* _THE TASK_:
Word for word, copy the data that follows and skip its pictures.

* _INPUT DATA_:
--- START ---

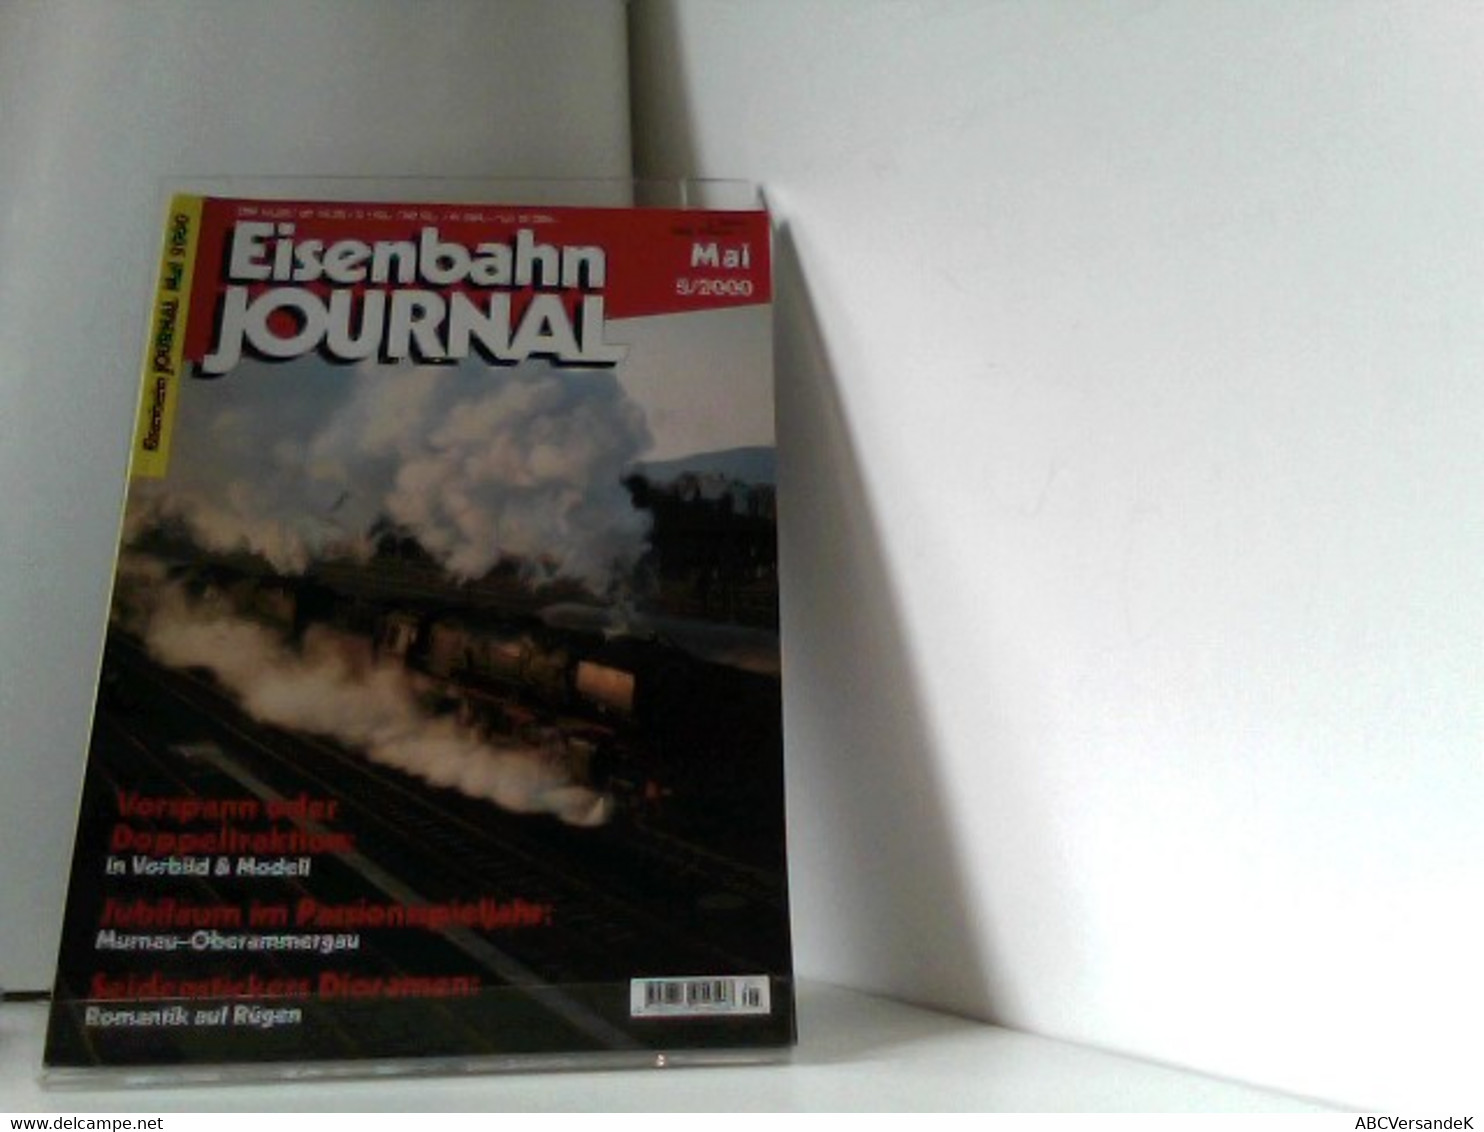 Eisenbahn Journal Mai 5/2000 - Transport
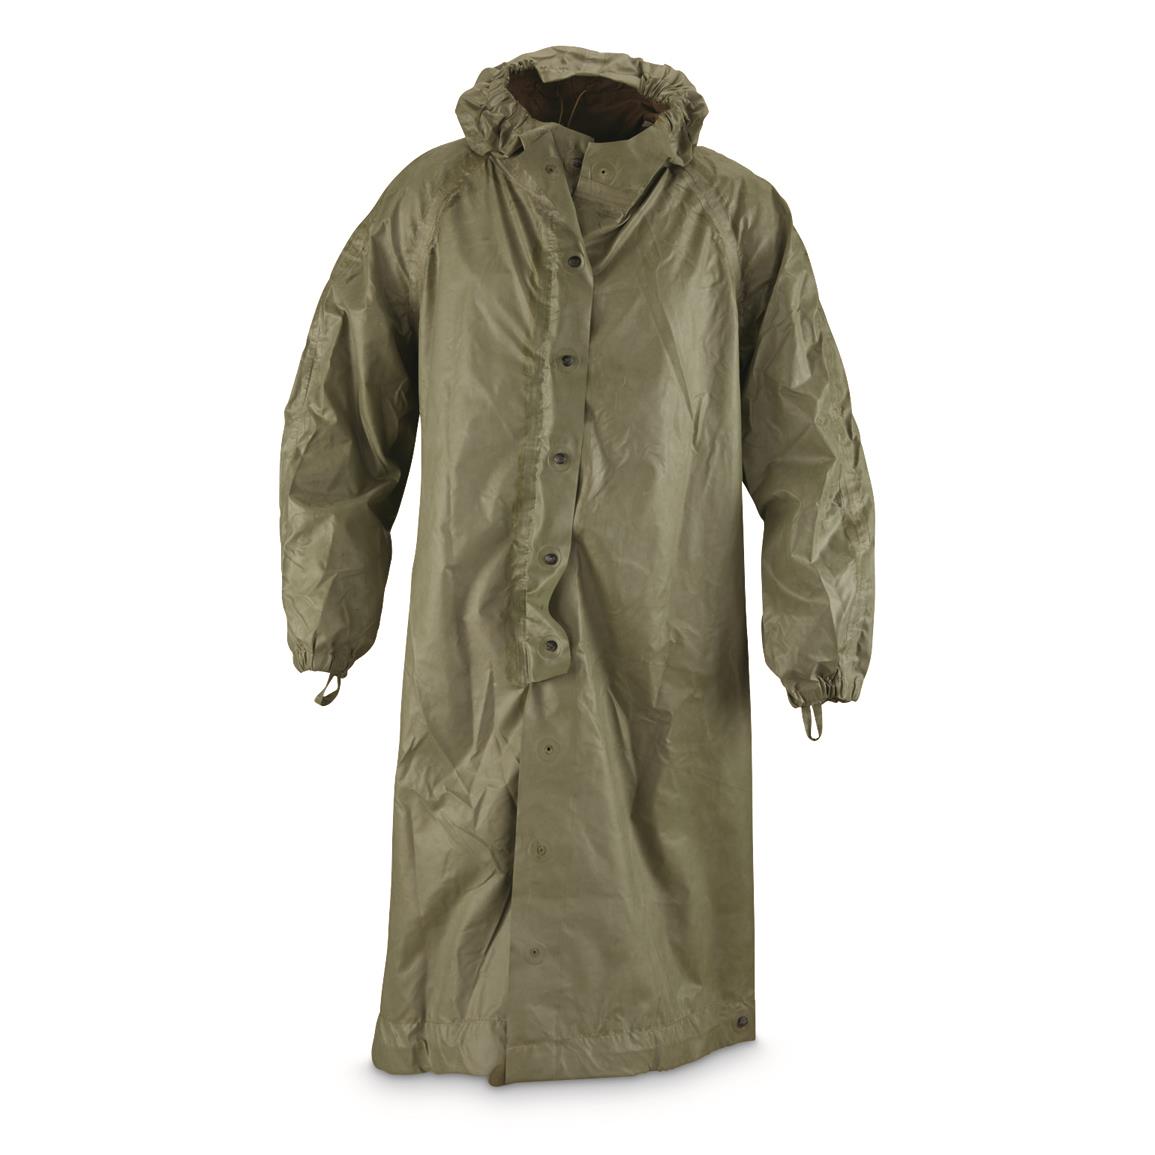 Polish Military Surplus Raincoat, Like New - 674529, Camo Rain Gear & Ponchos at Sportsman's Guide
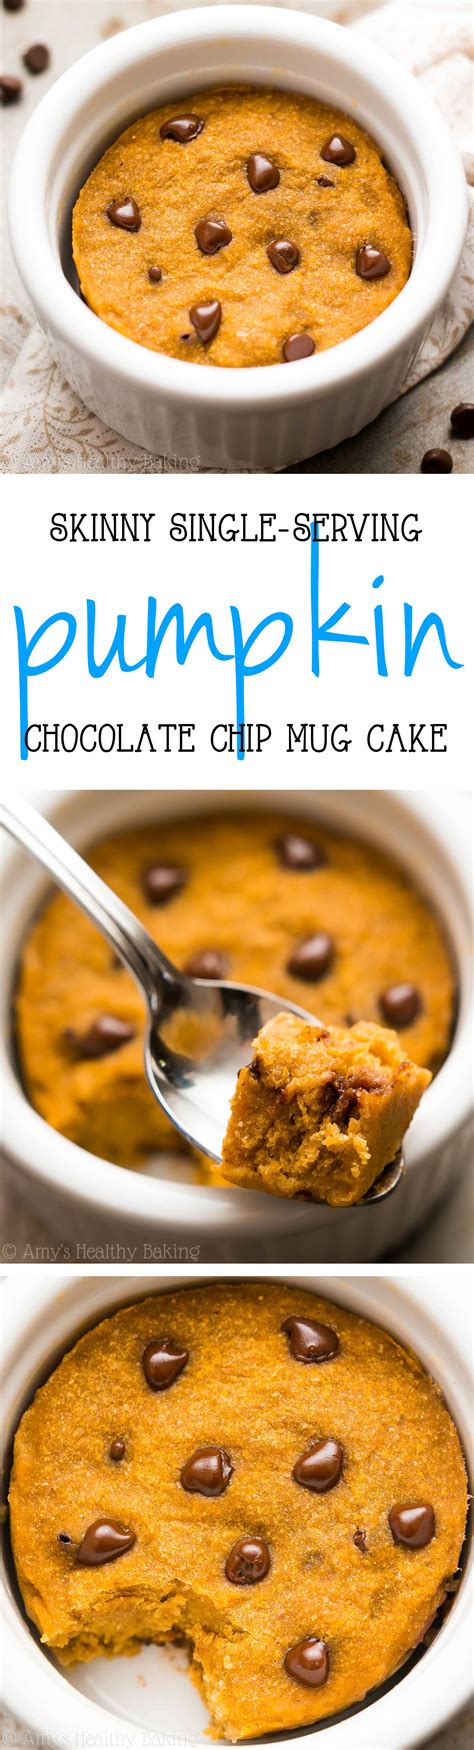 Skinny Single Serving Pumpkin Chocolate Chip Mug Cake Amys Healthy Baking
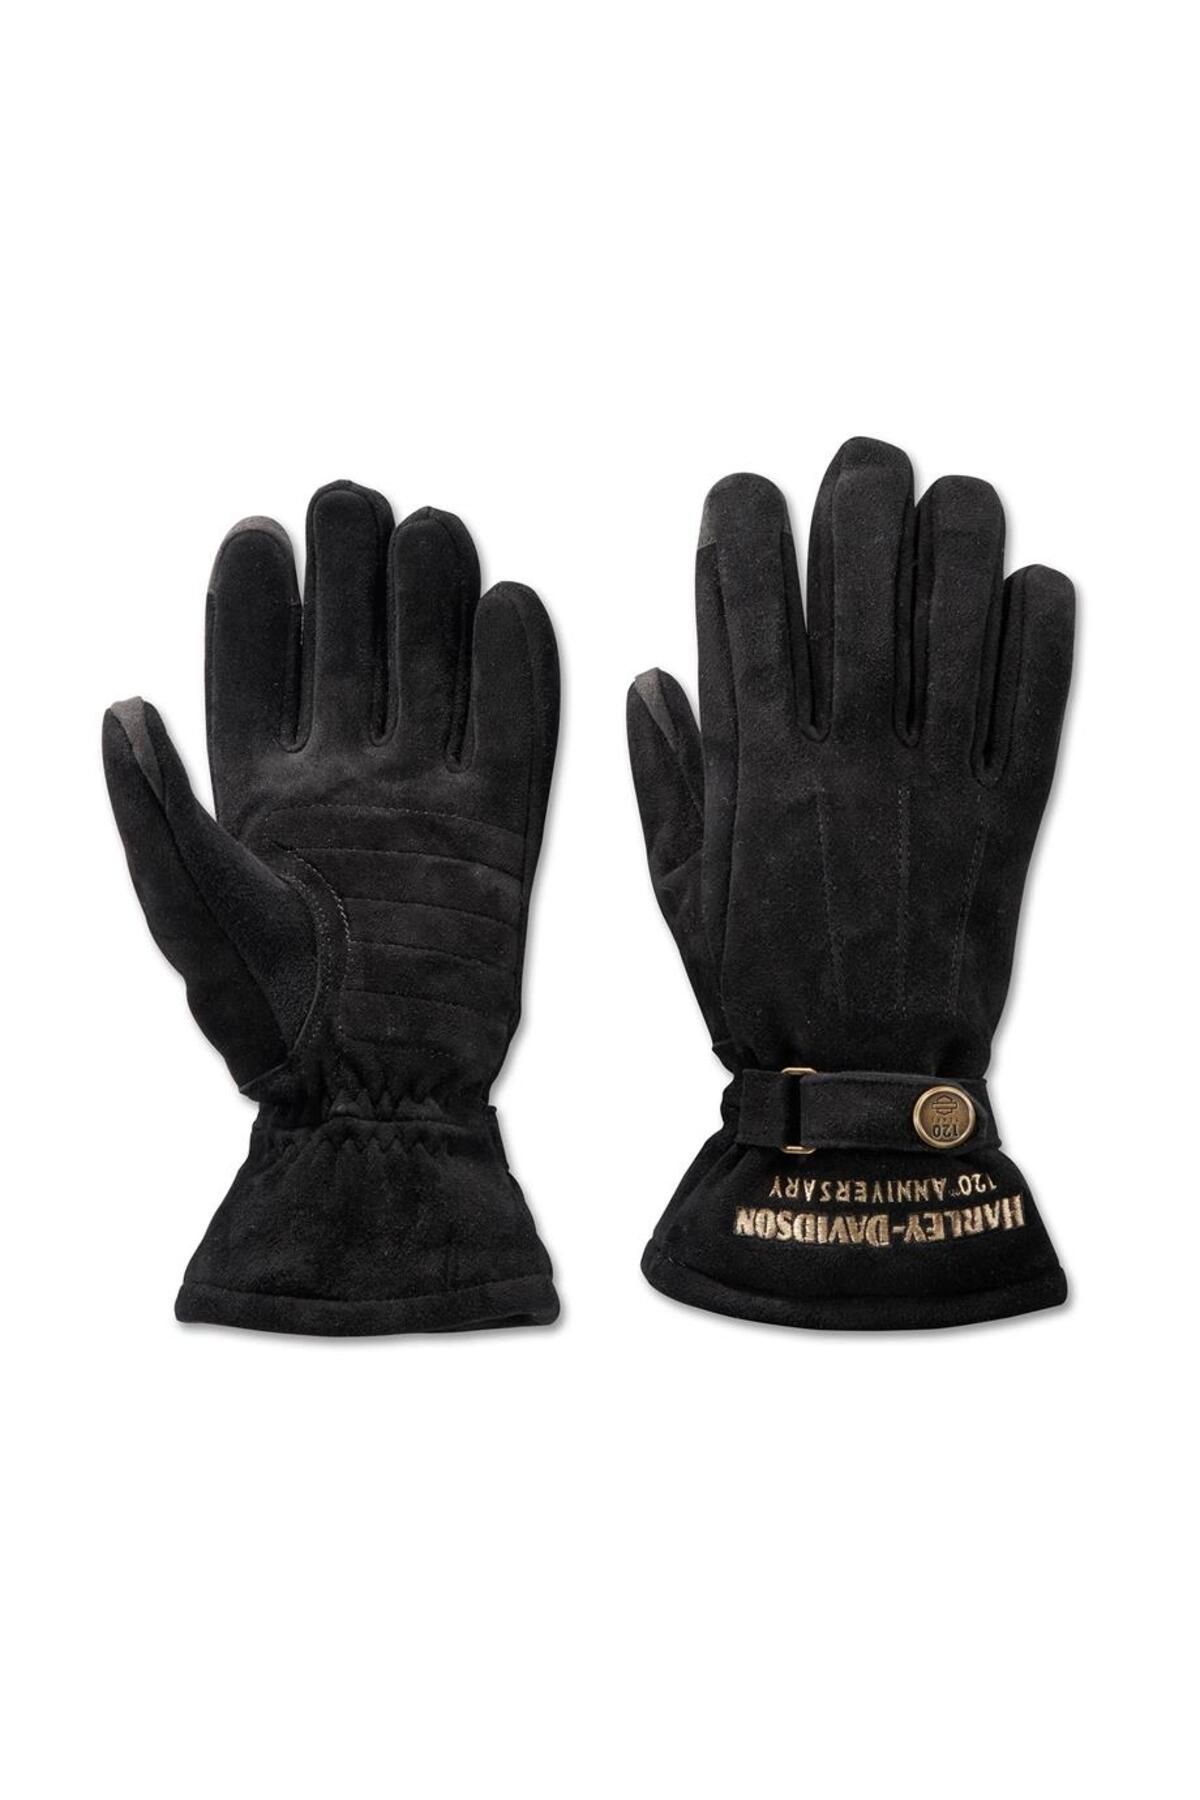 Harley Davidson Harley-Davidson Women's 120th Anniversary Wistful Leather Gloves

--- END ---

* _OUTPUT FOR THIS EXERCISE_:
 Eisenbahn Journal Mai 5/2000 - Transport
 Polish Military Surplus Raincoat, Like New - 674529, Camo Rain Gear & Ponchos at Sportsman's Guide
 Skinny Single Serving Pumpkin Chocolate Chip Mug Cake Amys Healthy Baking
 Harley Davidson Harley-Davidson Women's 120th Anniversary Wistful Leather Gloves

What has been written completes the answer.